JPS62259317A - Keyboard - Google Patents

Abstract

(57) [Summary] This bulletin contains application data before electronic filing, so abstract data is not recorded.

Description

DETAILED DESCRIPTION OF THE INVENTION (Field of Industrial Application) The present invention relates to a keyboard, and more particularly to a keyboard useful for manual use, etc., in which a large number of push button members are attached individually or as a unit to a single board. It is something.

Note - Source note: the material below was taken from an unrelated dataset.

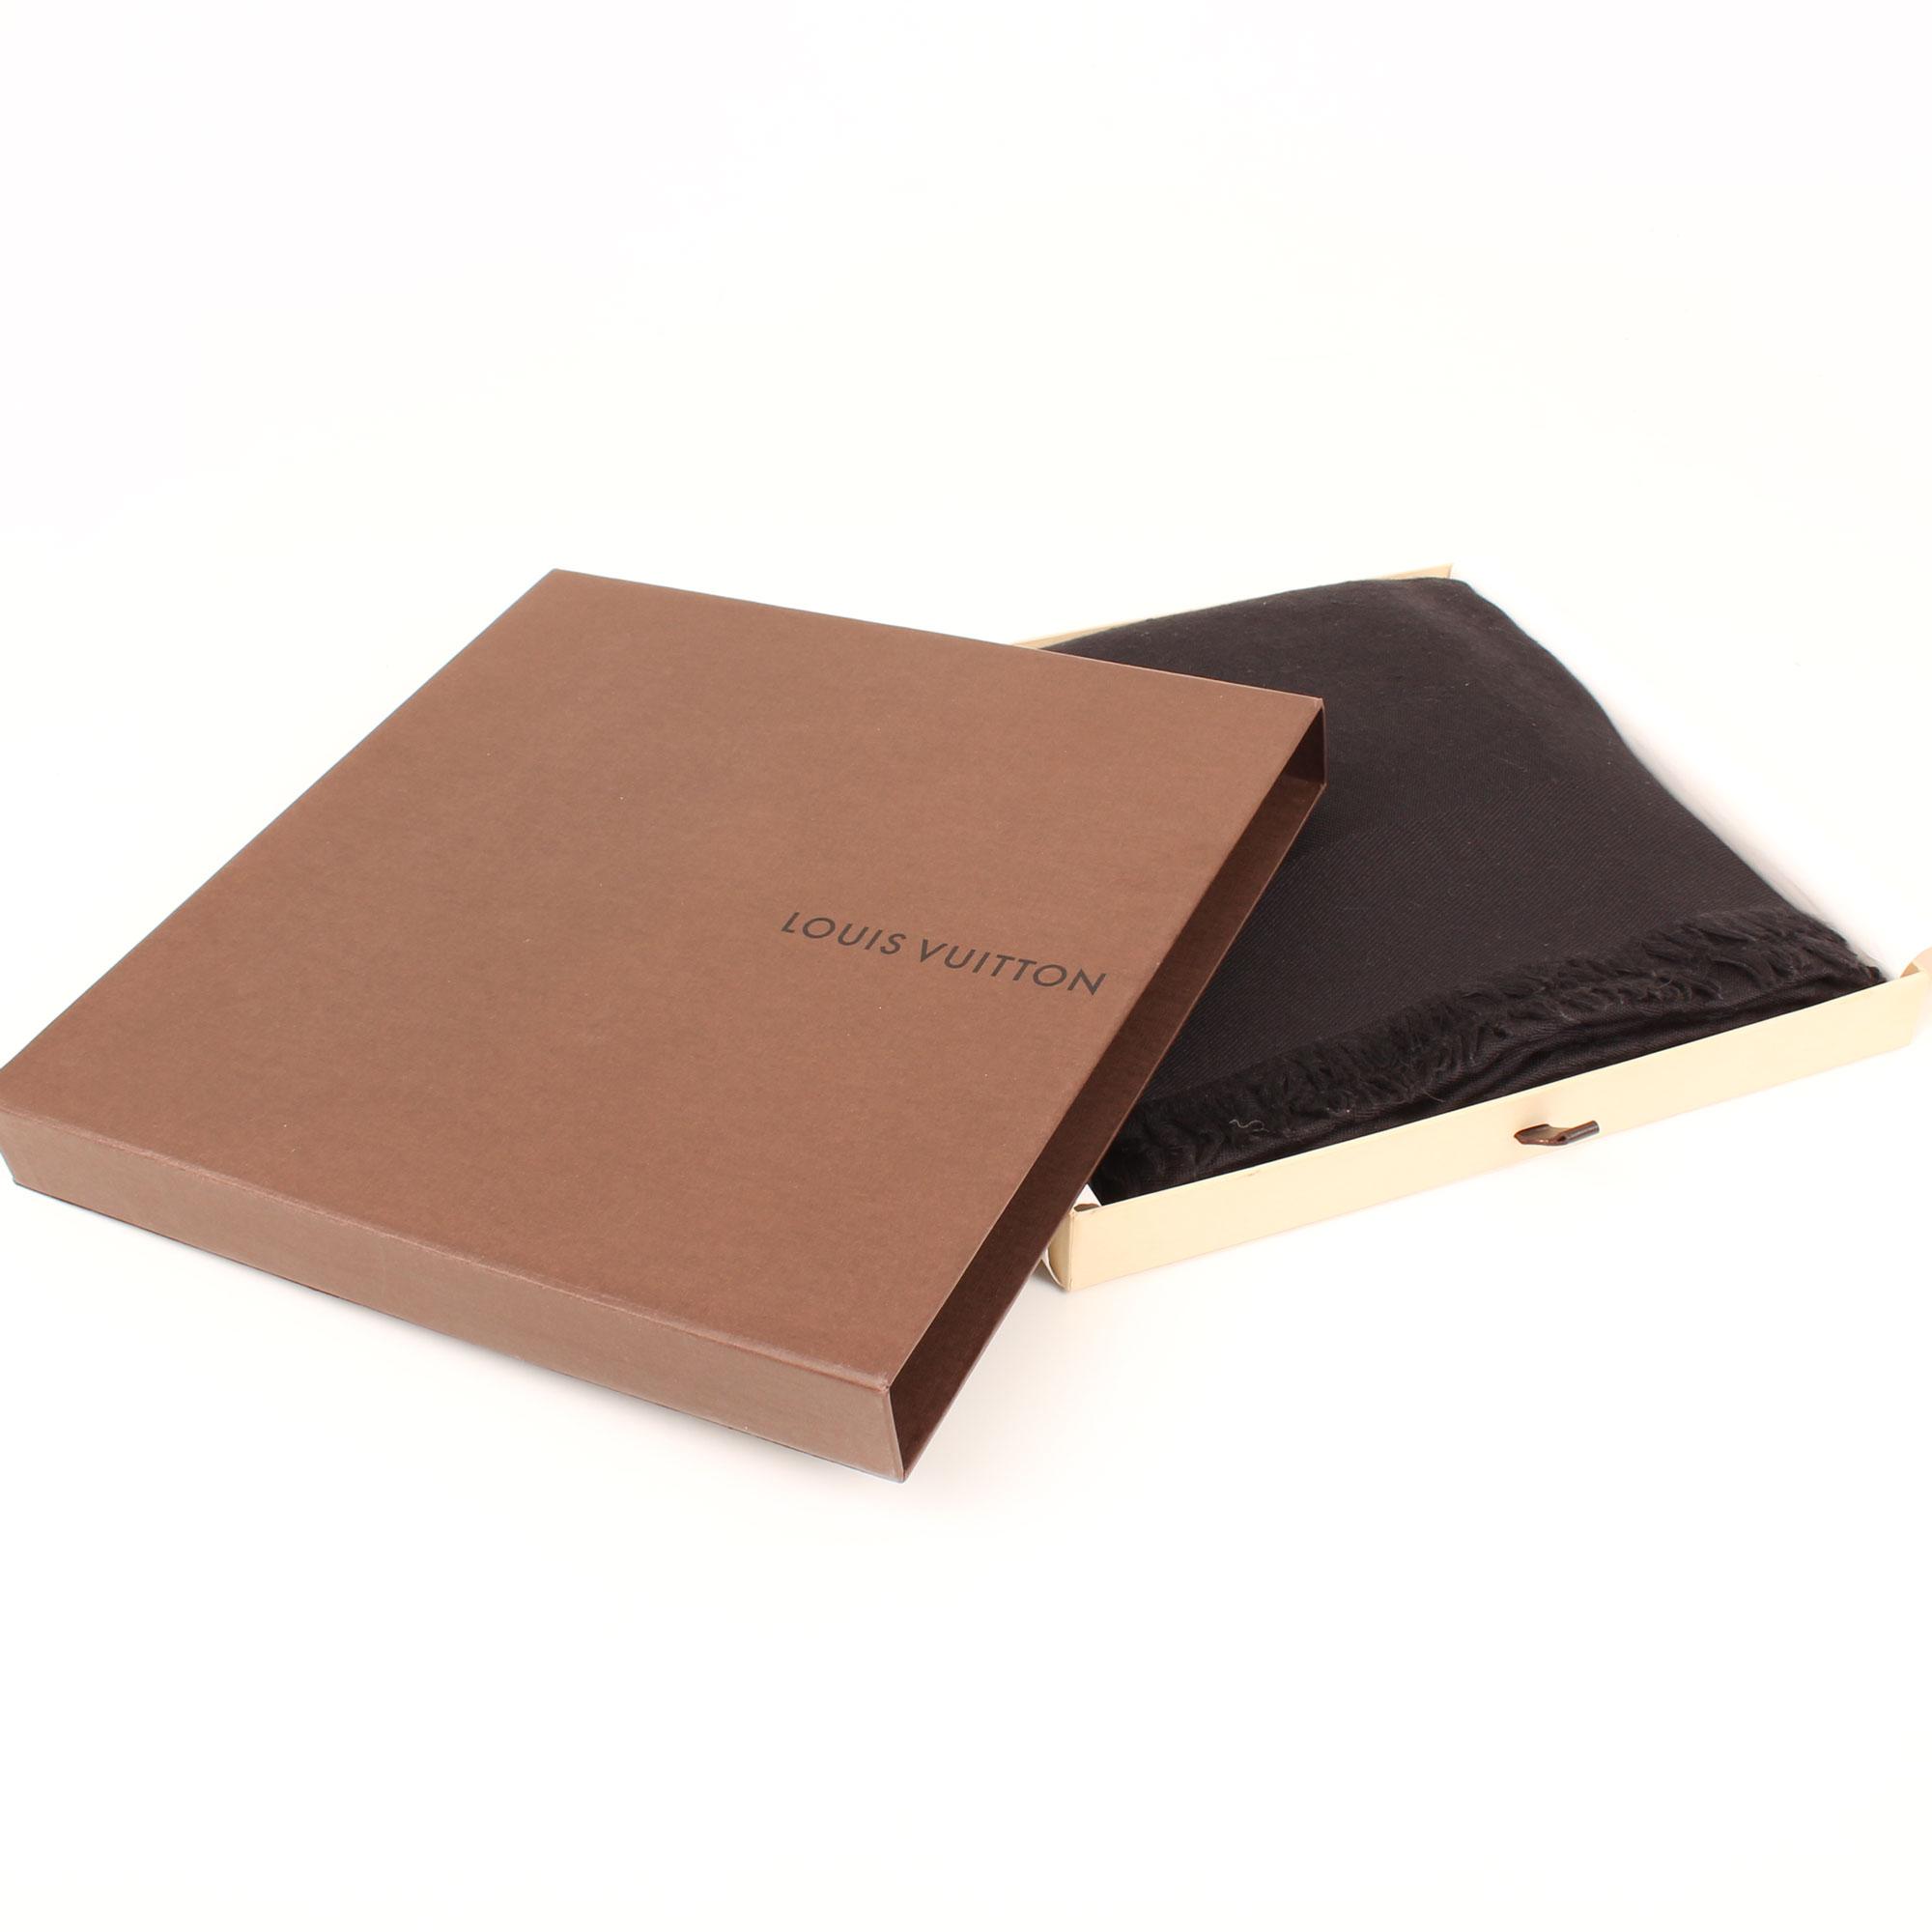 shawl-louis-vuitton-monogram-black-box

(Prior Art) Conventionally, a keyboard cover member 9 carrying movable contacts arranged opposite to an array pattern of fixed contacts provided on a printed circuit board has a push button part 7 and a push button base part 8 connected and integrated. However, this type of keyboard cover member 9 as shown in FIG. After that, a movable contact made of vulcanized current-carrying rubber is buried in a cavity corresponding to the arrangement pattern of fixed contacts (not shown), and unvulcanized insulating rubber is placed on top of this. Because a large number of push button parts 7 and a push button base part 8 are connected and integrated by heating and pressurizing, it is possible to create a keyboard cover as shown in FIG. In order to obtain the member 9, a new mold must be prepared, and in making this mold, one different part affects the entire keyboard cover part due to expansion and contraction of the molded product after molding, and during use. Not only is it necessary to design, manufacture, and inspect a new mold through trial and error in anticipation of the expansion and contraction of the xl
This method had disadvantages in that the total die cost was geometrically higher than that of the 100% (oanFj degree) and that a large press machine had to be prepared.

Furthermore, in order to manufacture a keyboard cover member with push button parts of different hues, which has been in demand recently, it is necessary to simultaneously place unvulcanized insulating rubber of the required hue in the cavity and then heat and pressurize it. Because of this, the hues tend to mix at the boundary, so the product does not have the intended hue boundary, resulting in extremely low yields, not suitable for high-mix, low-volume production, and resulting in high costs. there were. (Structure of the Invention) The present invention relates to a keyboard that solves such disadvantages, and includes a push button member or a plurality of push button members on the periphery of fixed contacts arranged according to a predetermined arrangement pattern on a printed circuit board. It is characterized in that a series of push button member units are fixed together using an adhesive or an adhesive.

That is, the inventors of the present invention have studied various methods for inexpensively manufacturing keyboards that can handle high-mix, low-volume production, and found that a keyboard cover member is made of metal by connecting and integrating a number of push button parts with a push button base member. Rather than molding in a mold, a large number of push button members or unit bodies of push button parts in which a plurality of push button members are connected are prepared, and these are placed on the peripheral edge of the fixed contact on the printed circuit board, and the peripheral edge is molded. Alternatively, apply adhesive or adhesive to the leg base plate side of the push button member,
If it is fixed to the board by curing, there will be no need for molds that have been manufactured each time for each array pattern of array contacts, and the costs associated with this will be eliminated. If it is fixed to the substrate with an adhesive or adhesive, it can also be used as a resist layer for the conductive pattern, and this attachment can also reduce costs, making it possible to obtain the desired keyboard cover material at a low cost. The present invention was completed based on the discovery that this method allows a keyboard with any pattern to be obtained, and thus can be readily adapted to high-mix, low-volume production.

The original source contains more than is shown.